Mhlakaza, supposedly interpreting his niece’s visions, then determined a day of resurrection, by which time all cattle must be killed, crops destroyed, new grain bins built, cattle-folds laid out, and witchcraft ended. When nothing occurred on three separate days of resurrection, the entire situation collapsed. The results, however, were catastrophic. Close to 80 percent of the nation’s cattle—more than 400,000 animals—were slaughtered, 40,000 Xhosa died of hunger, and 150,000 were displaced. The Xhosa lost two-thirds of their land, their economic and political independence, and many survivors were forced to seek refuge and ill-paid employment in the colony (Beck 2000, 46).

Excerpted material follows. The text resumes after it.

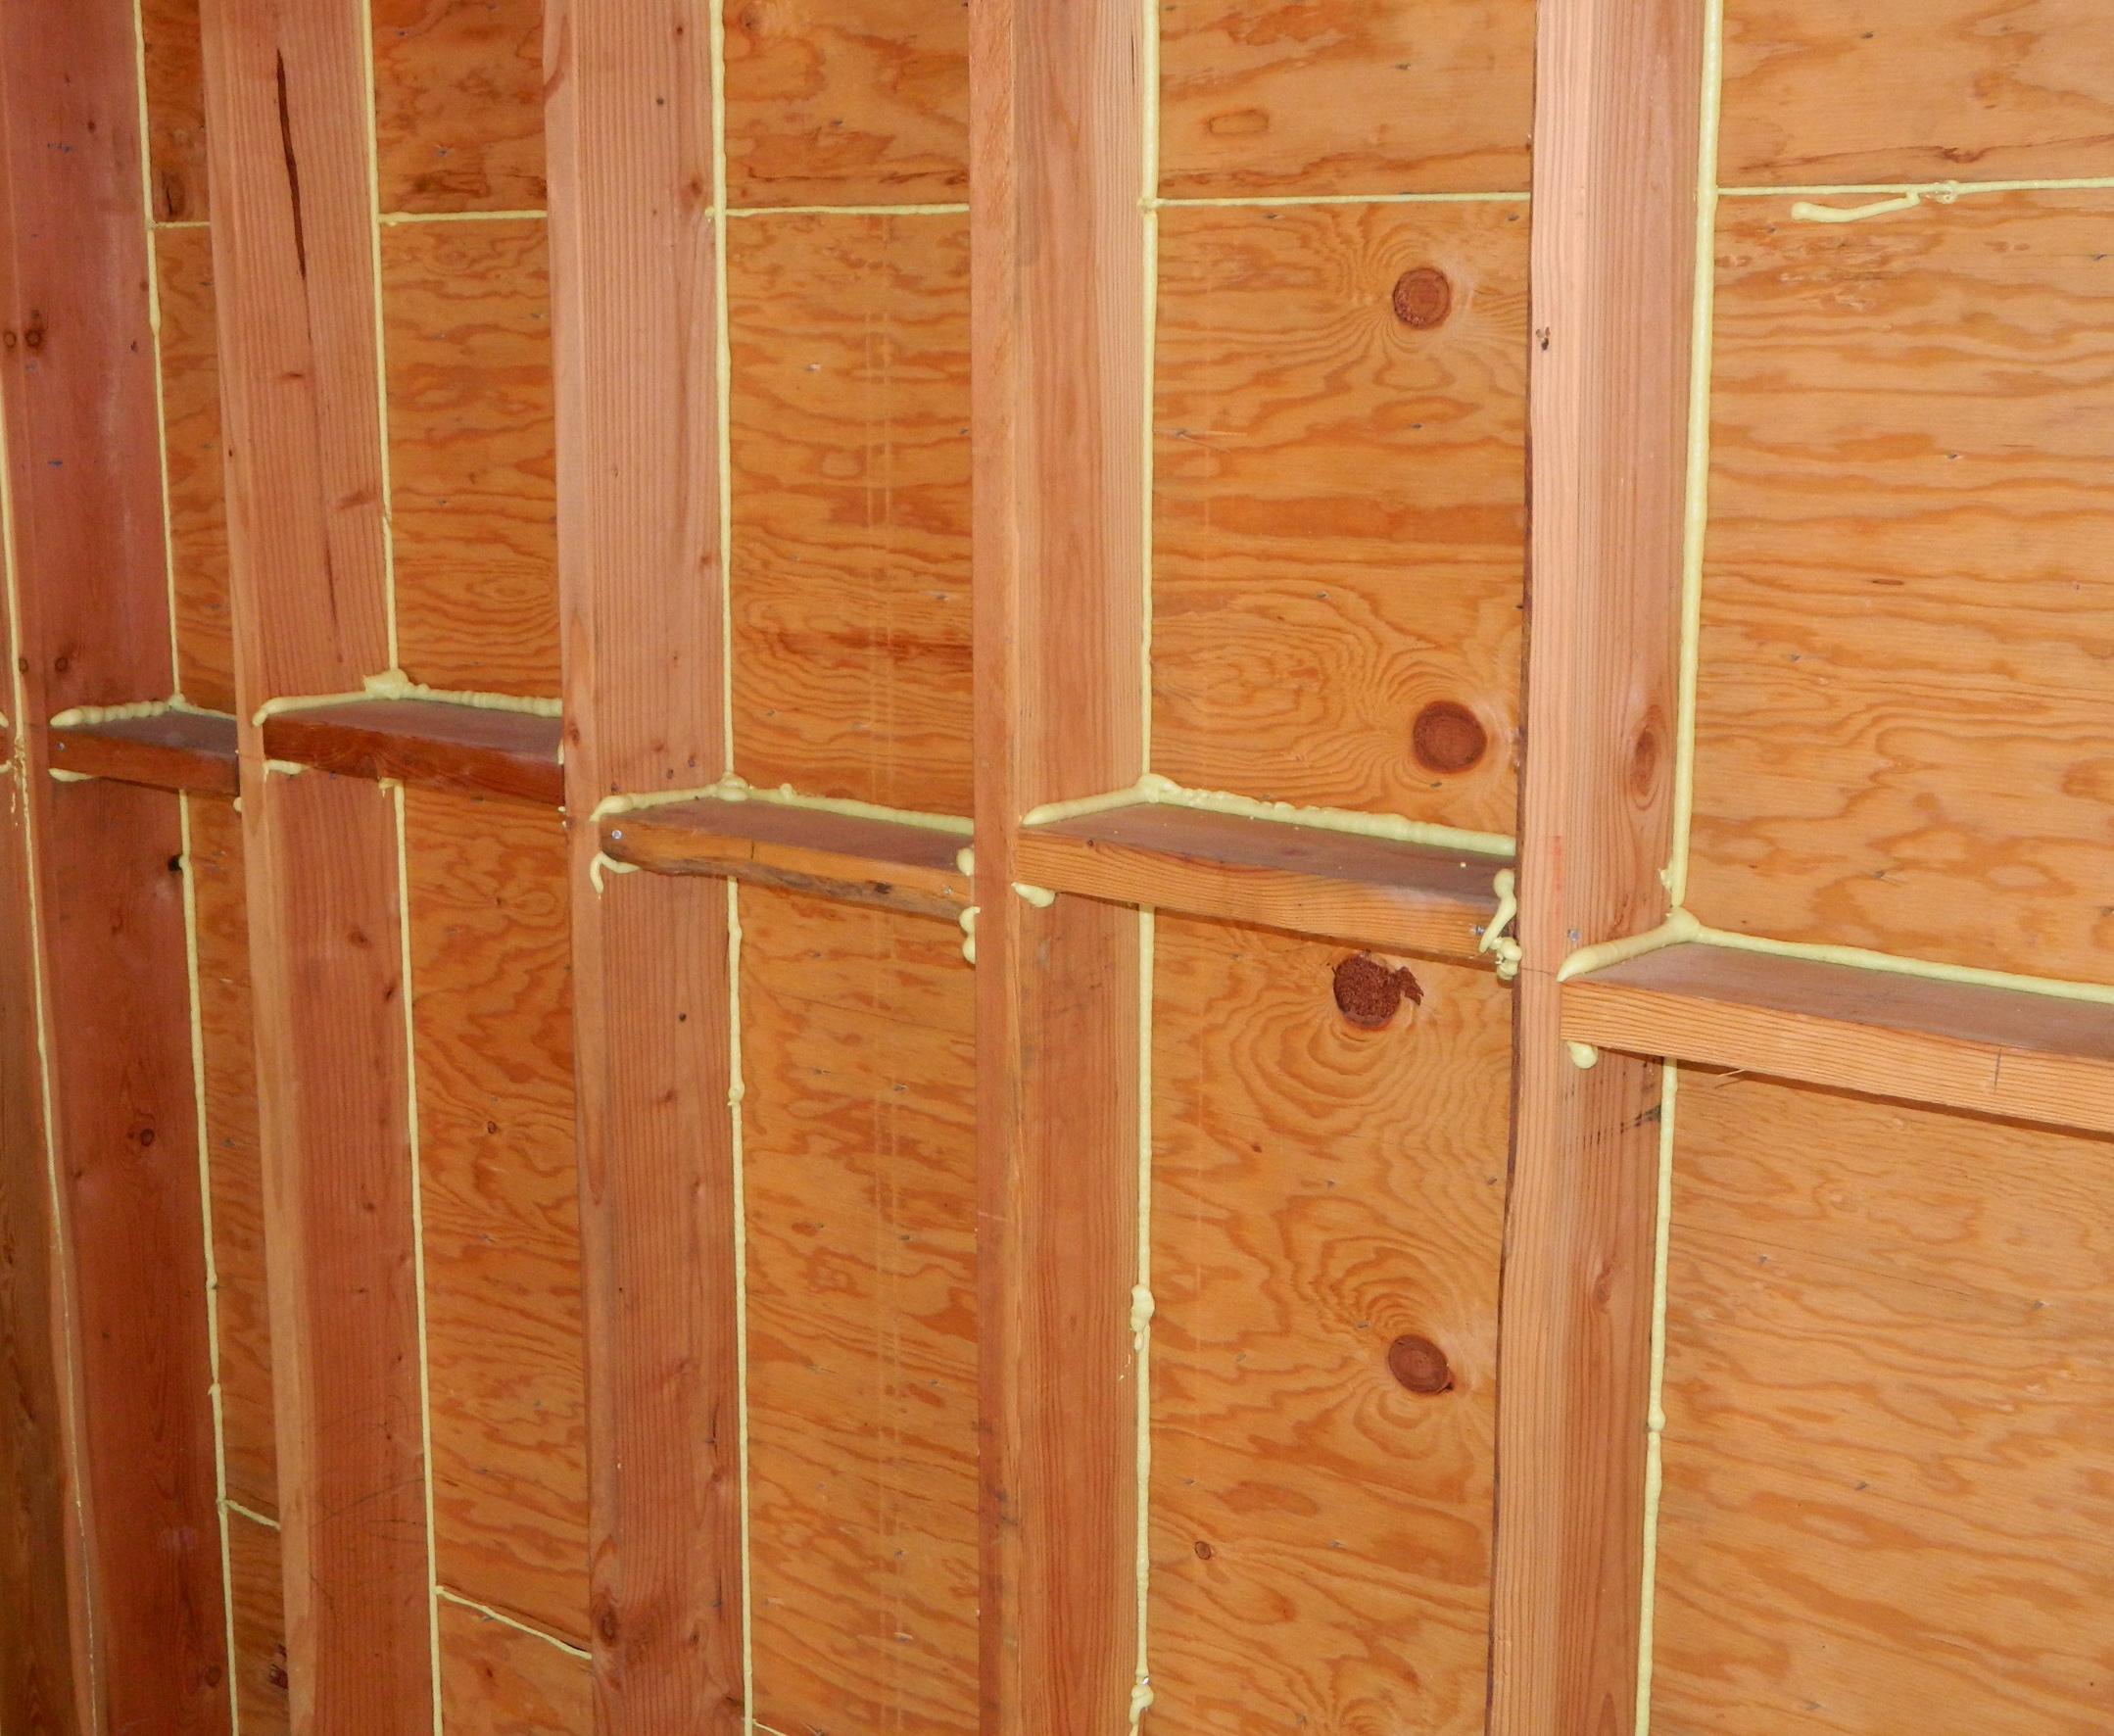 Sealed seams prior to insulation

Debate about the "great cattle killing" continues more than 140 years after the event. One widely accepted interpretation argues that this millenarian movement arose from colonial pressure, Christian and Xhosa resurrection and regeneration beliefs, and the epidemic of CBPP. Some scholars place much of the blame on Nongqawuse’s uncle and the tribal chiefs, while many Xhosa continue to fault the Cape colonial governor, Sir George Grey, for the event and its catastrophic consequences. These latter "androcentric" interpretations have been challenged by some who argue that issues of gender, women’s rights, and Xhosa male sexual misconduct led to Nongqawuse’s prophecies.